The biggest challenge was satisfying the company’s safety department concerns while performing 90,000 volt insulation

breakdown tests. Also, as the project reached midway point, funding evaporated and it was eventually mothballed.

Greatest Rewards?

Seeing a large project move along on several different fronts was very satisfying. Coming up with solutions for unique

challenges was also enjoyable.

5. MINOS magnet design and structure - 1998

What is it?

MINOS is a neutrino detector with a near detector on the Fermilab campus, and a far detector half a mile underground

in a mine in Minnesota. There are three far detector modules which essentially form a massive magnet meant to steer

particles into a specific region of the steel in hope of weak interactions to produce photons which indirectly indicate the

presence of neutrinos. (There’s an arrow pointing to me in the first photo.)

What did I do?

Hired as a contract engineer, I designed the steel support structure for one of the near detector modules, which

weighed over 8,000 tons.
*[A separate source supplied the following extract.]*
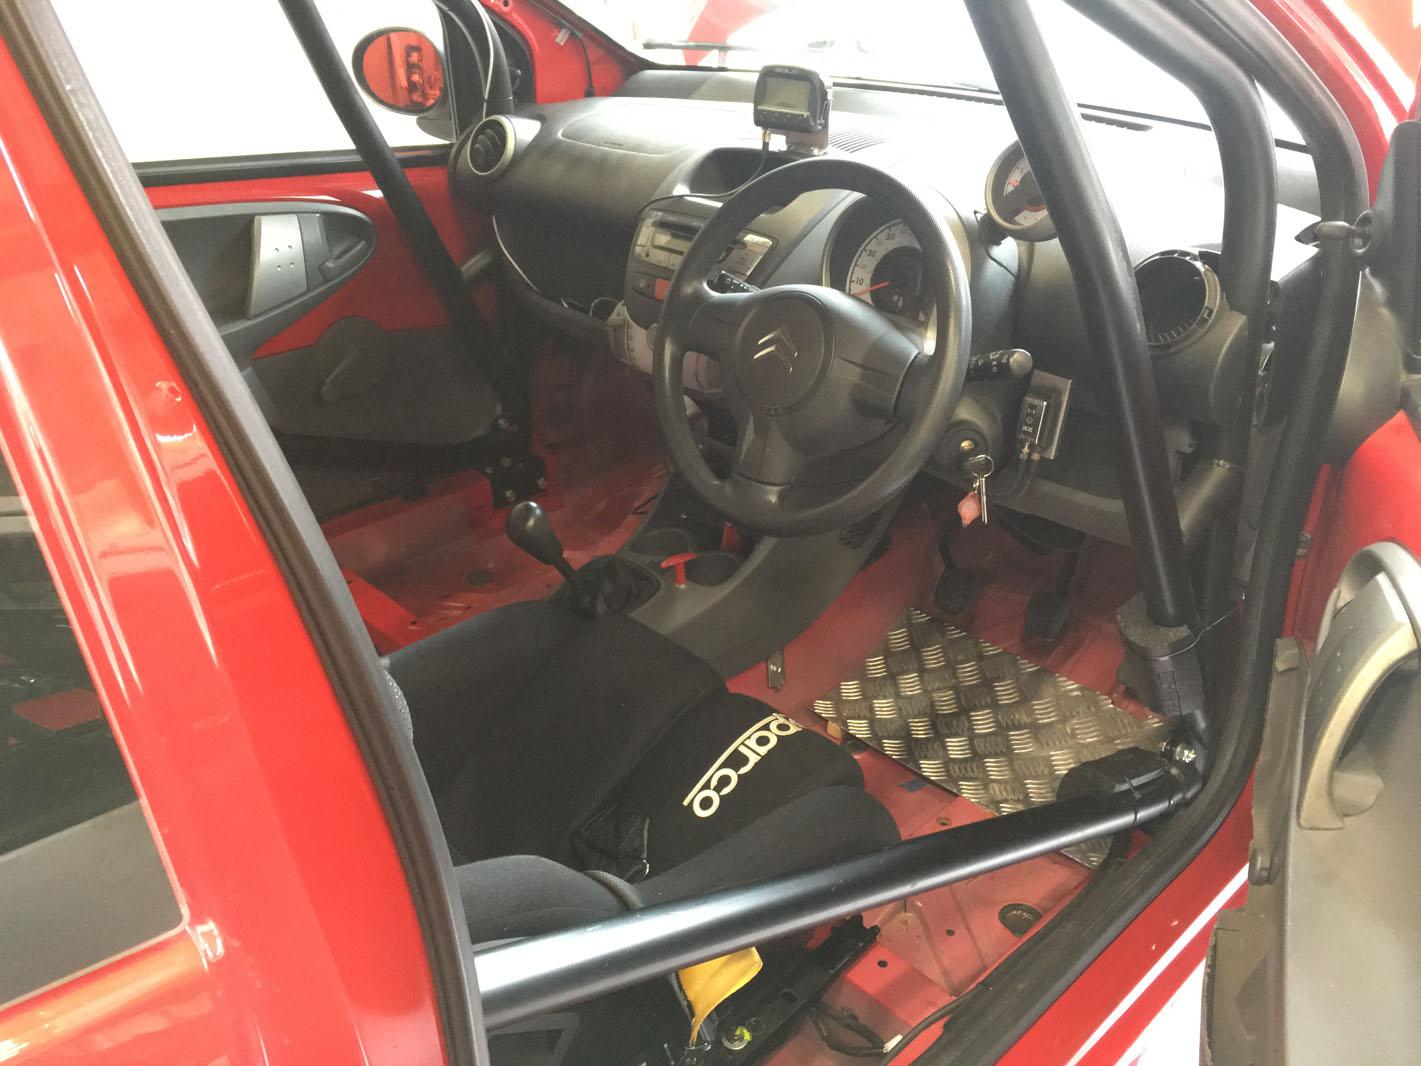 c1-racing-76 taciki.ru

After given some starting concepts by the physicists, I finalized the design and assembly

logistics of both the far detector magnet windings and the near detector magnet, which was a hollow, water cooled,

insulated, aluminum conduit seam welded and assembled in plate sections. The far detector utilized 1/0 building wire

and. I did some thermal analysis, all the structural steel design for the support structures, built an entire solid model in

SDRC CAD for dimensional tolerance checking, worked with technicians to build a scale mockup and thermal test, and

completed engineering drawings on initial plate designs.

Biggest Challenges?

The biggest challenge was simply that this was my first real job out of graduate school, so it was intimidating.

Greatest Rewards?

The greatest reward from this project was getting the opportunity to work on such a large device. The people I worked

with at Fermilab were also of the highest caliber of many places I have since been employed.